The Charity Commission has published the outcome of an inquiry into the Royal National Institute of Blind People (RNIB).
The report finds that young people in schools and residential homes suffered harm and distress following failings at a residential school for visually impaired children and young people with complex learning and physical needs. It highlights that this is just the latest example, following on from scandals involving Oxfam and Save the Children.
Tragically the issues lying behind these failings are all too familiar:
- Issues were not properly addressed when they arose
- Trustees failed to act strongly enough in response to issues that arose.
The chief executive of the Charity Commission, Helen Stephenson, commented that:
“A catalogue of serious failings were allowed to occur because the charity’s governance was simply too weak for the trustees in charge to do the job that beneficiaries needed them to do.”

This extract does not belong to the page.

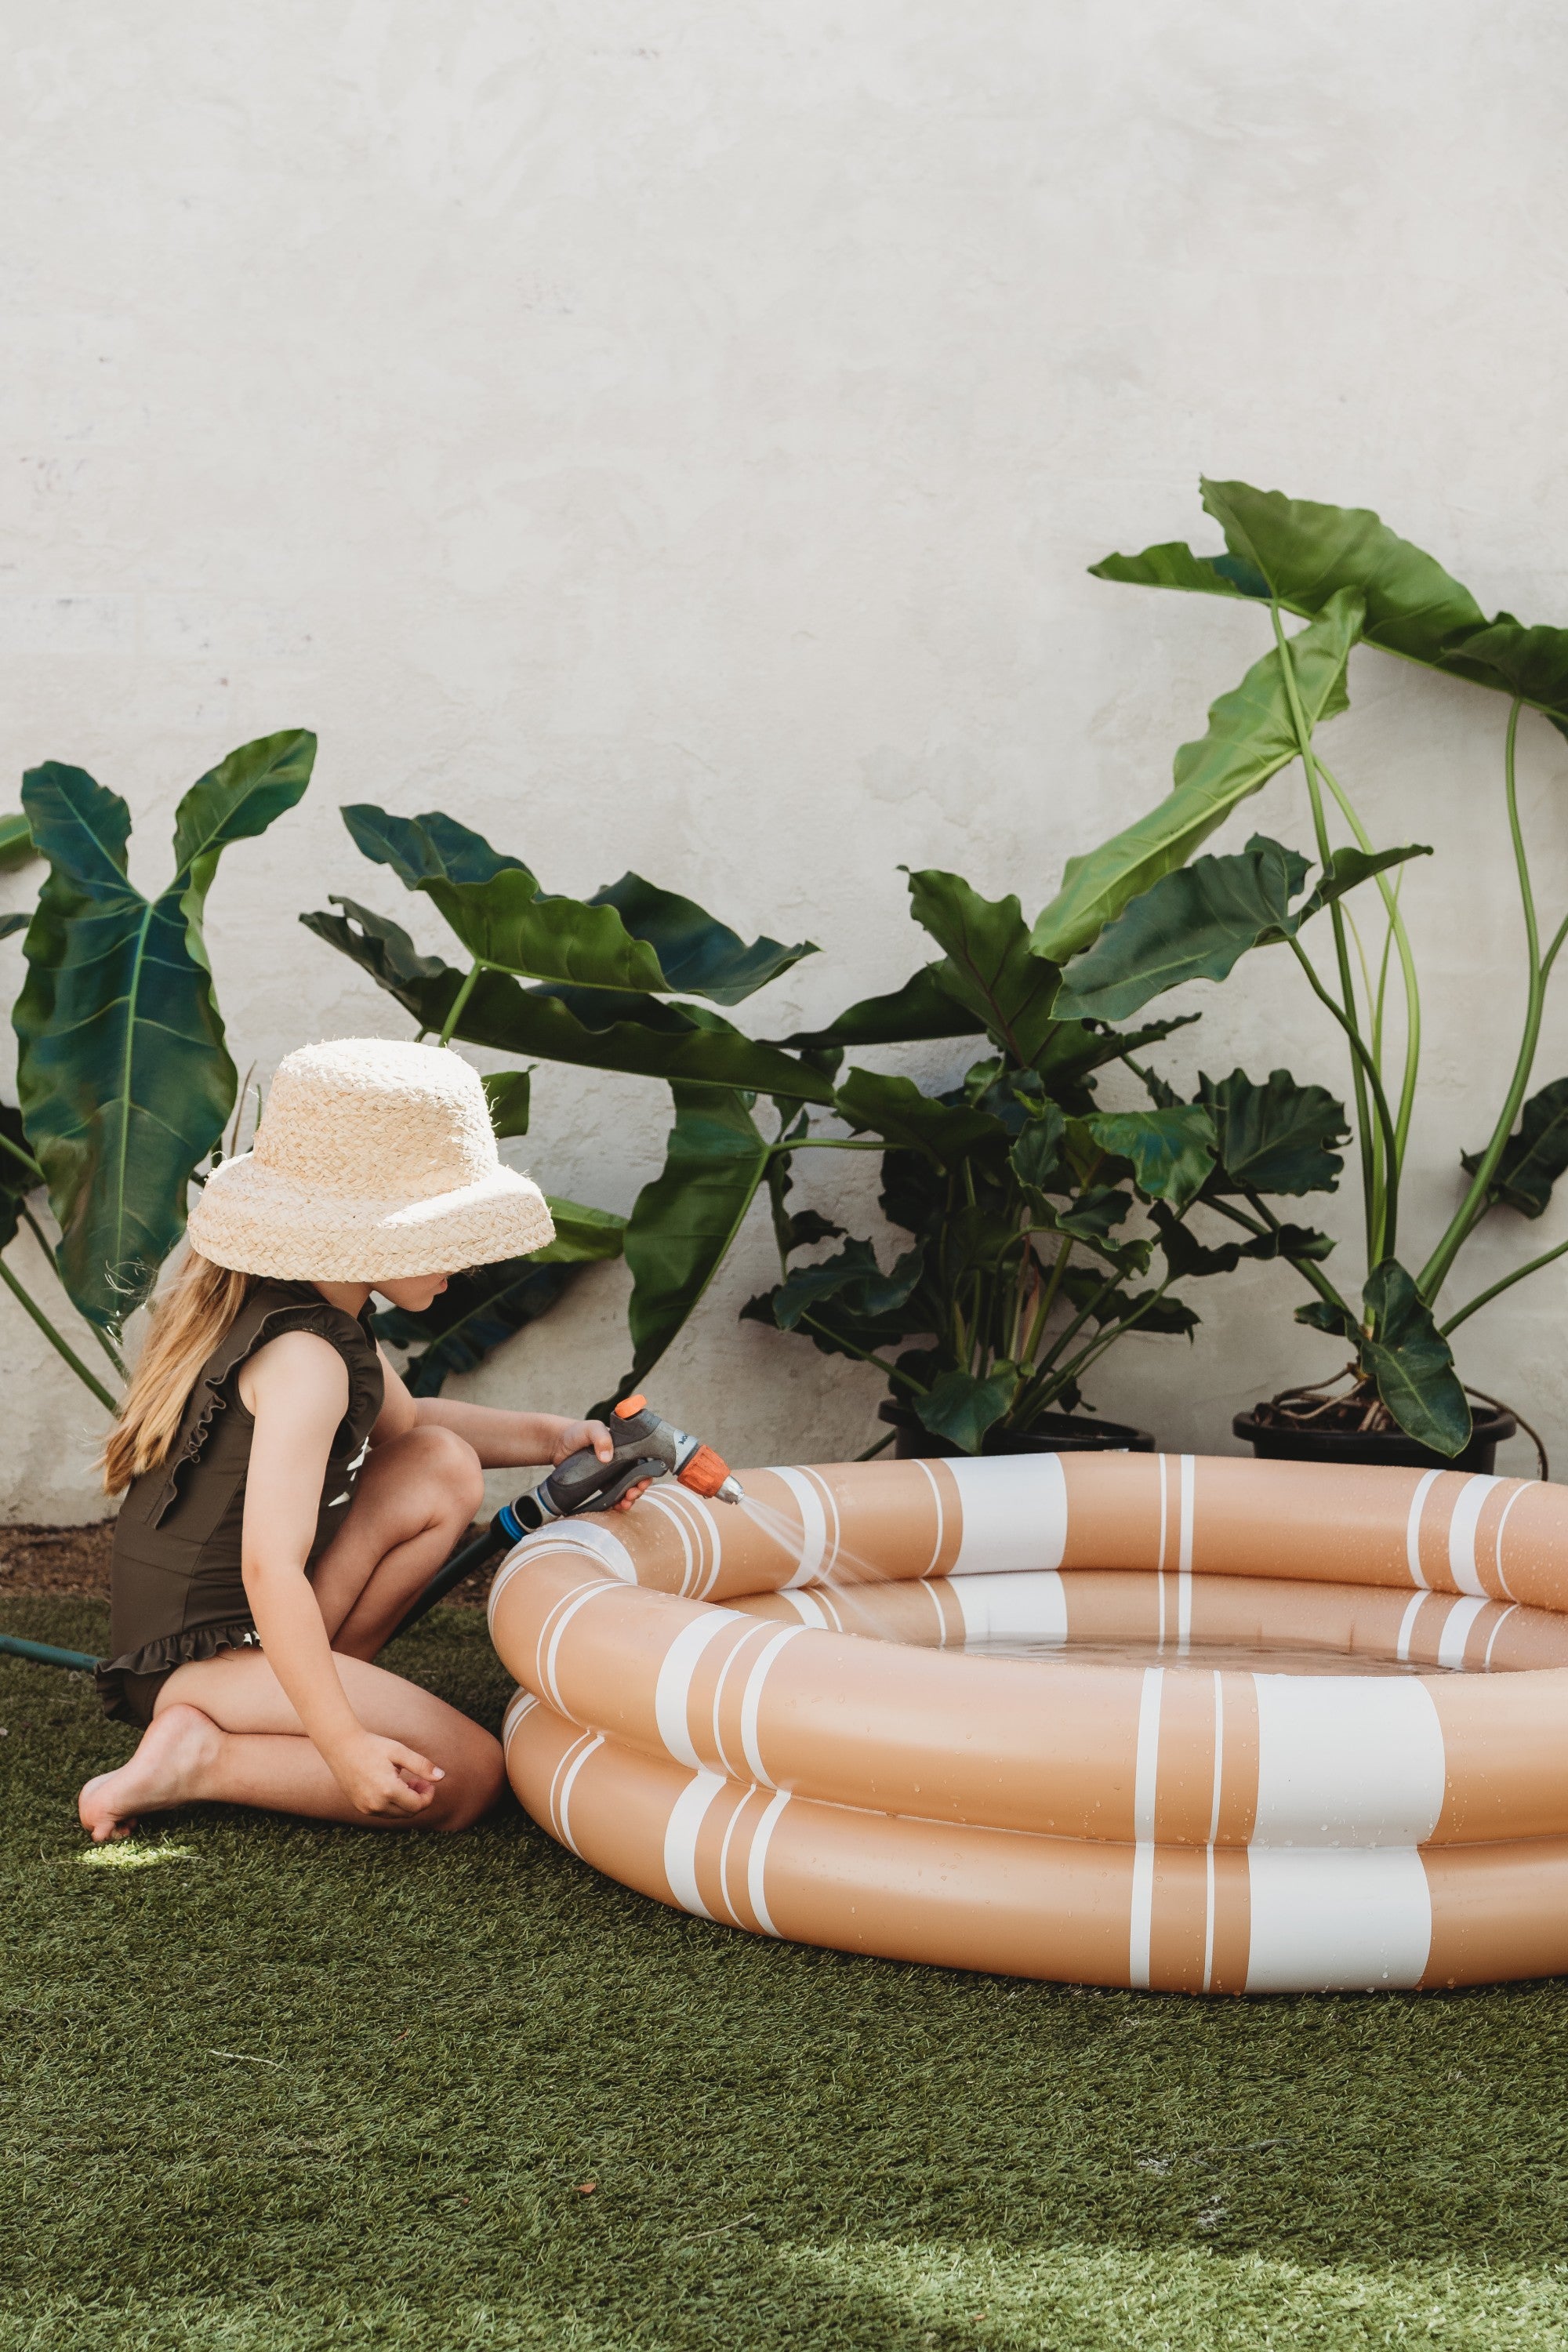 Cinnamon Stripe Inflatable Pool – Hello Samah
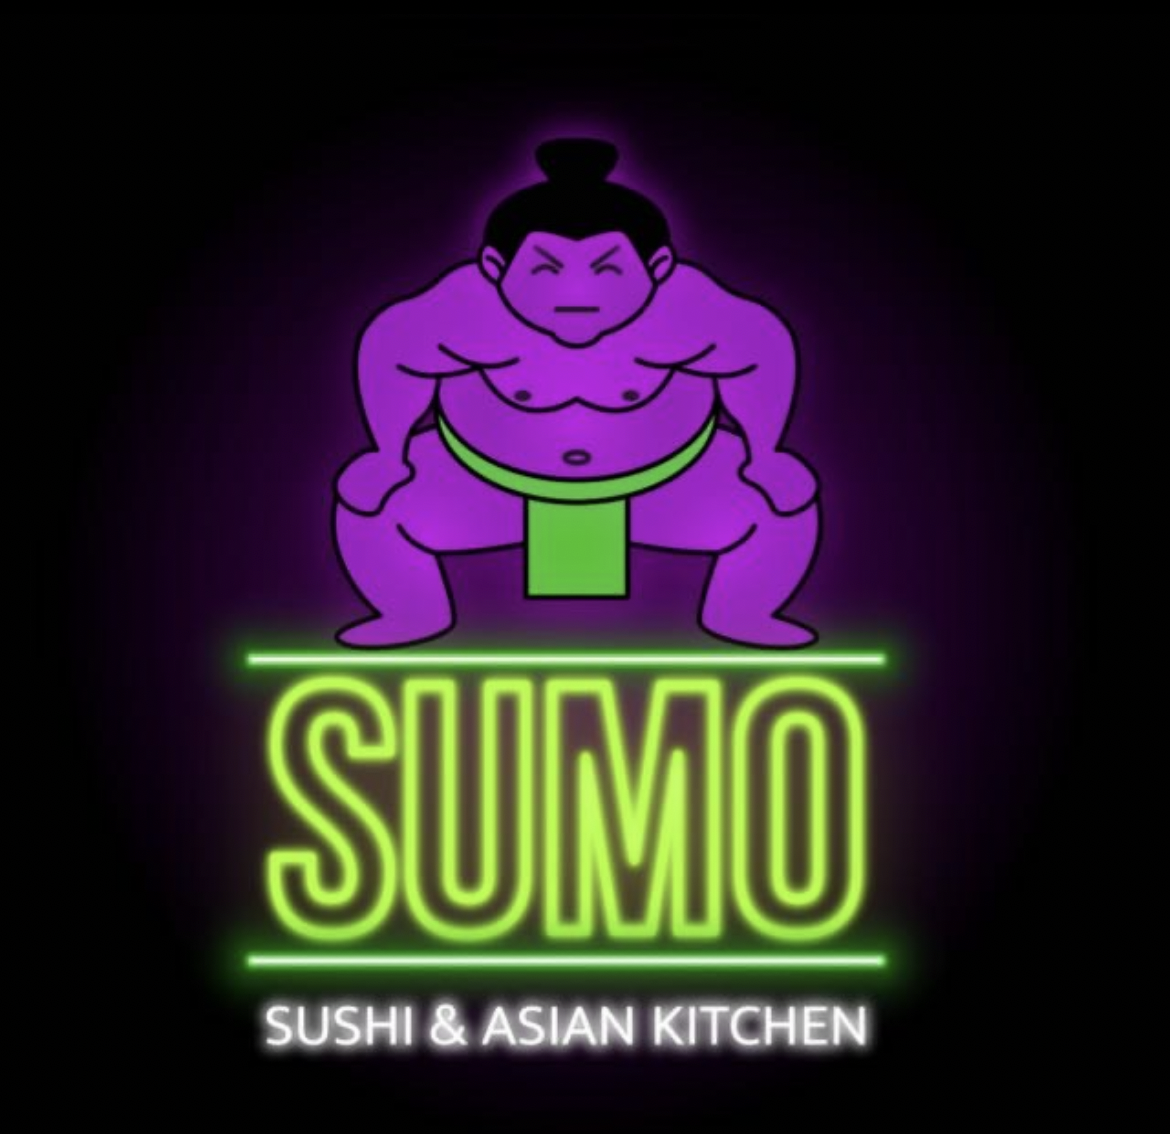 לוגו רשמי - מסעדת סומו - סושי ואסיאתי בחולון

It is obviously difficult for trustees when allegations of this sort arise, but it is essential that they take action. In recent months we have worked with a number of charities on safeguarding issues. By carrying out short, focussed investigations we were able to get to the core of the concerns that the charities had within a couple of weeks. This enabled the charities to gain a clear picture of what happened and take appropriate action – resolving resulting HR issues, briefing trustees, informing the Charity Commission and so on. We believe that swift action in order to gain clarity is essential in responding to most concerns. The sooner something is done, the better.
Effective governance is not just about organisation, policies and procedures. It is also about the mindset of people. And it is about helping executives, staff and especially trustees to develop the confidence to speak out and take action when they see something is going wrong.
Let’s hope that charities start to take action when issues arise, rather than leaving it for the Charity Commission to have to uncover.